#### [Exercise data]

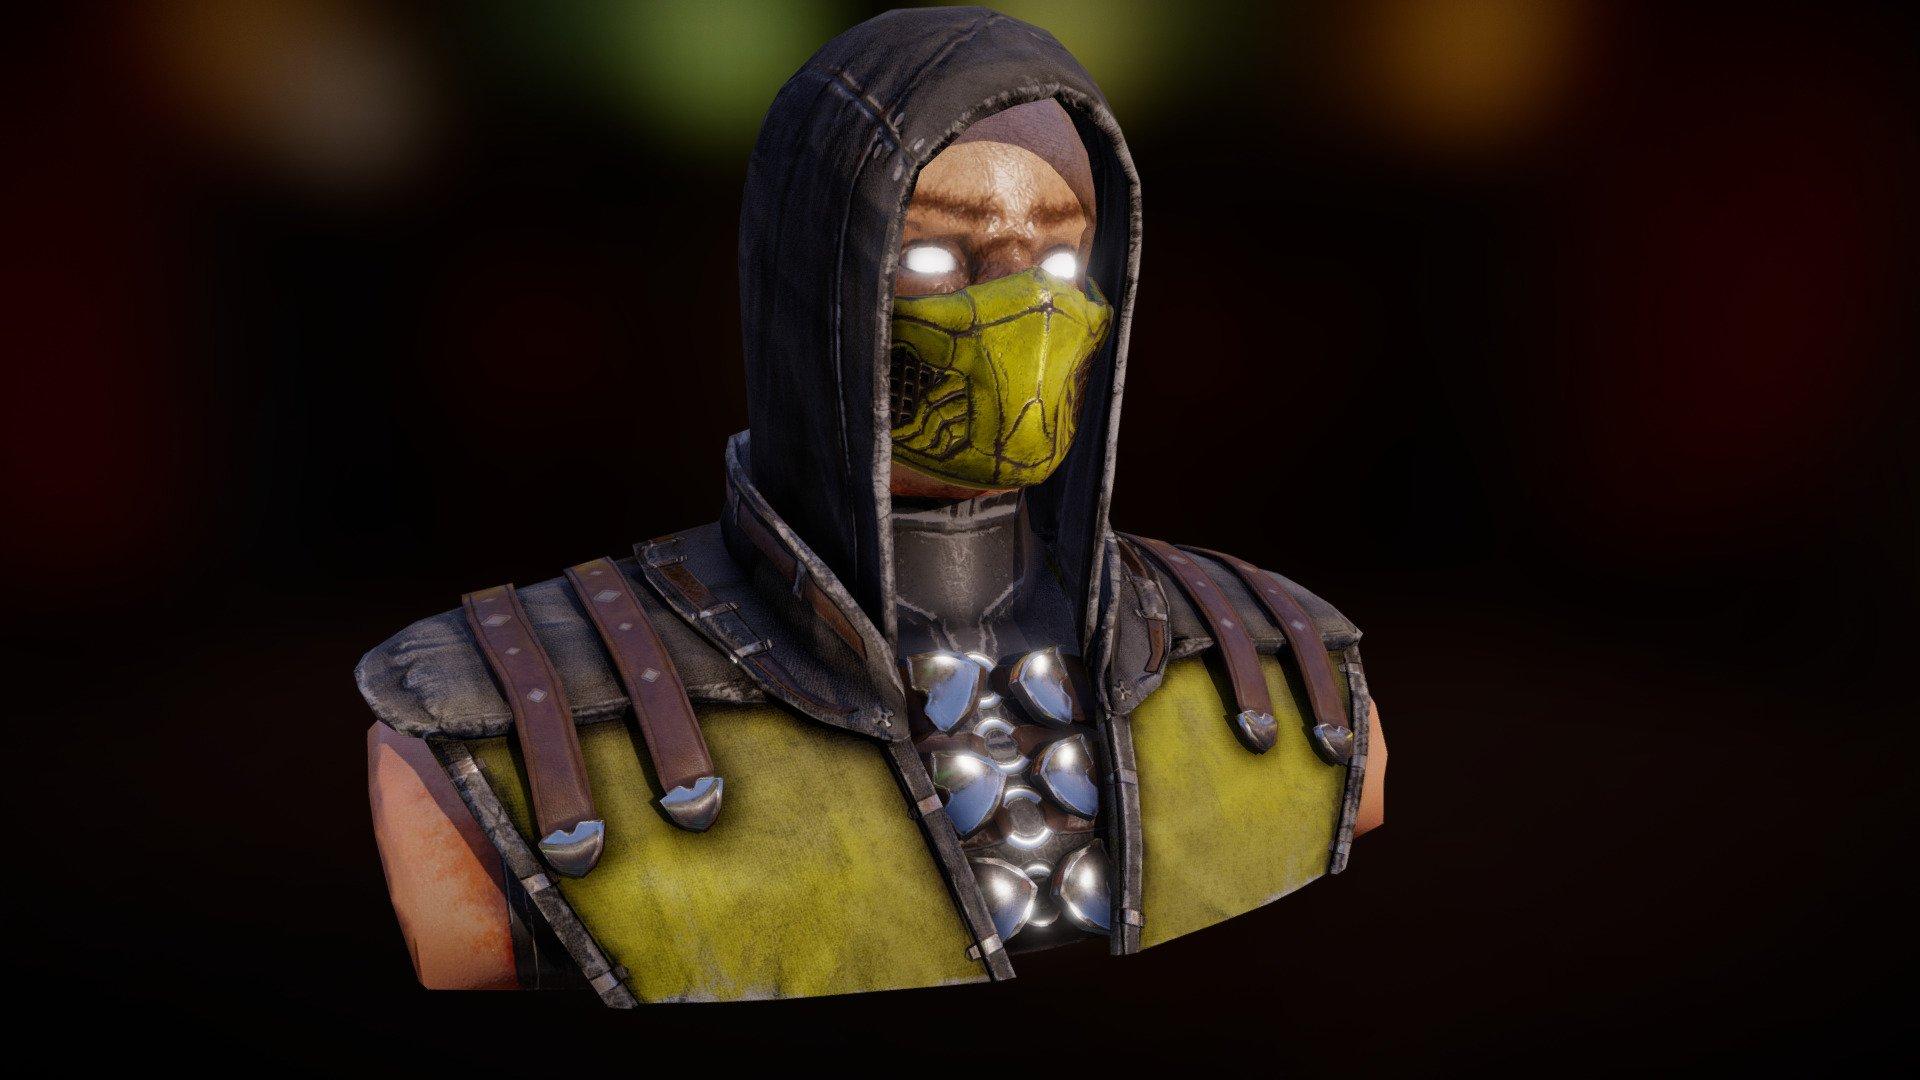 Mortal Kombat Online - Fan Submission - MKvsDC character
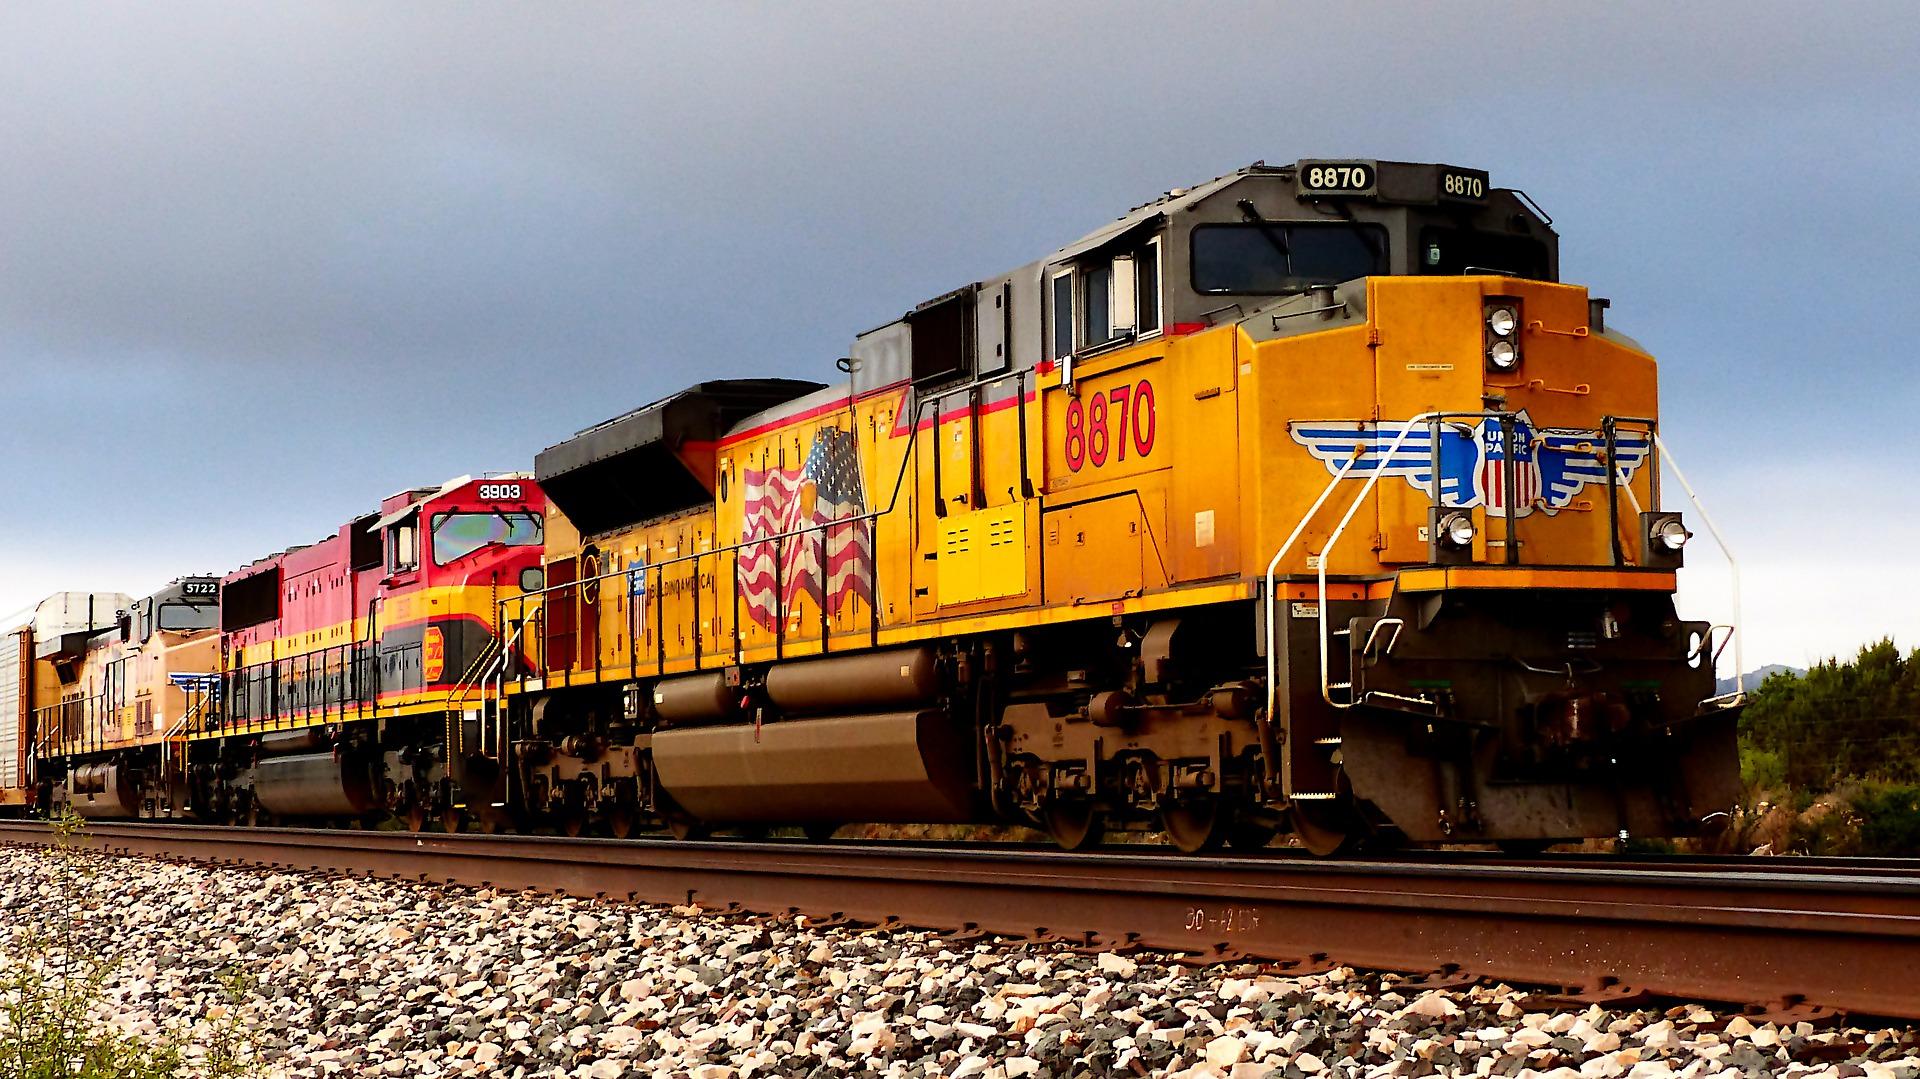 freight train on tracks
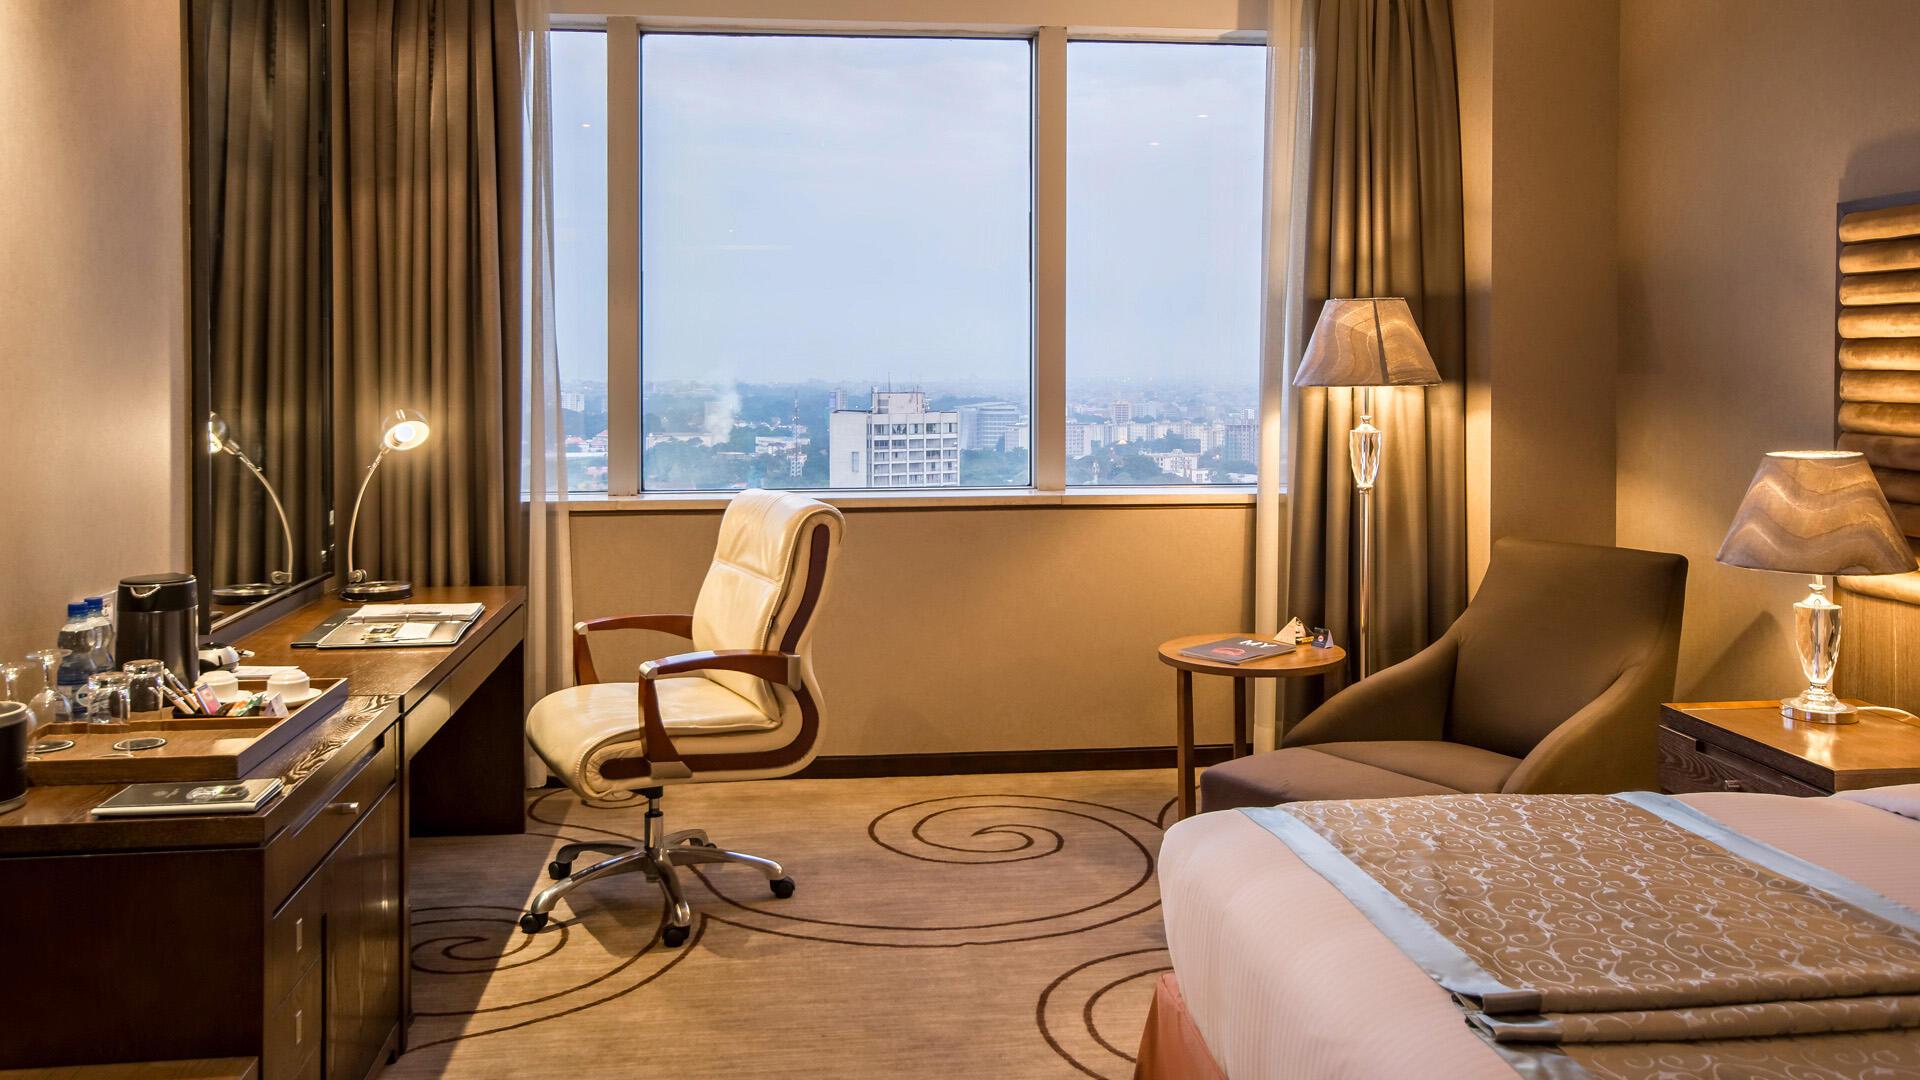 Deluxe Room at Fleuve Congo Hotel Hotel in Kinshasa
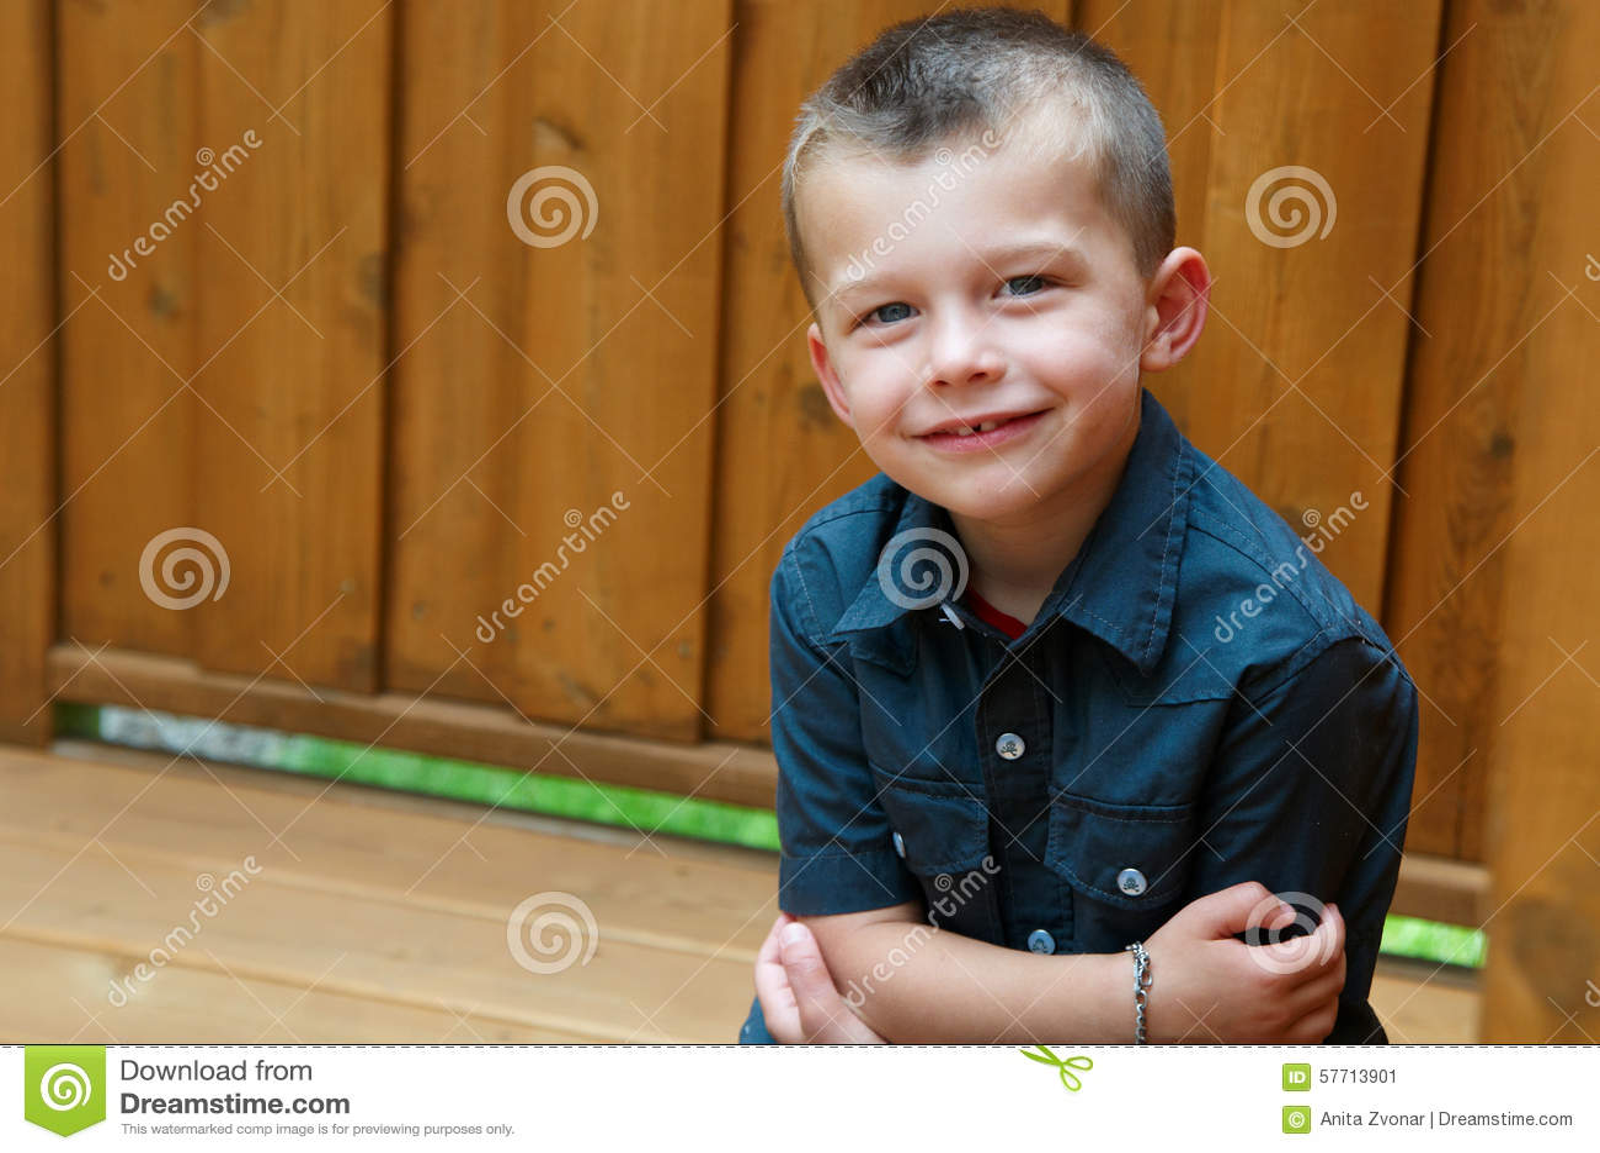 5 Year Old Boy Portrait Stock Photo Image 57713901

#### [Instructions to follow]
Retype the whole listing. Keep every word exact but include no pictures.

#### [Solution]
 Mortal Kombat Online - Fan Submission - MKvsDC character
 freight train on tracks
 Deluxe Room at Fleuve Congo Hotel Hotel in Kinshasa
 5 Year Old Boy Portrait Stock Photo Image 57713901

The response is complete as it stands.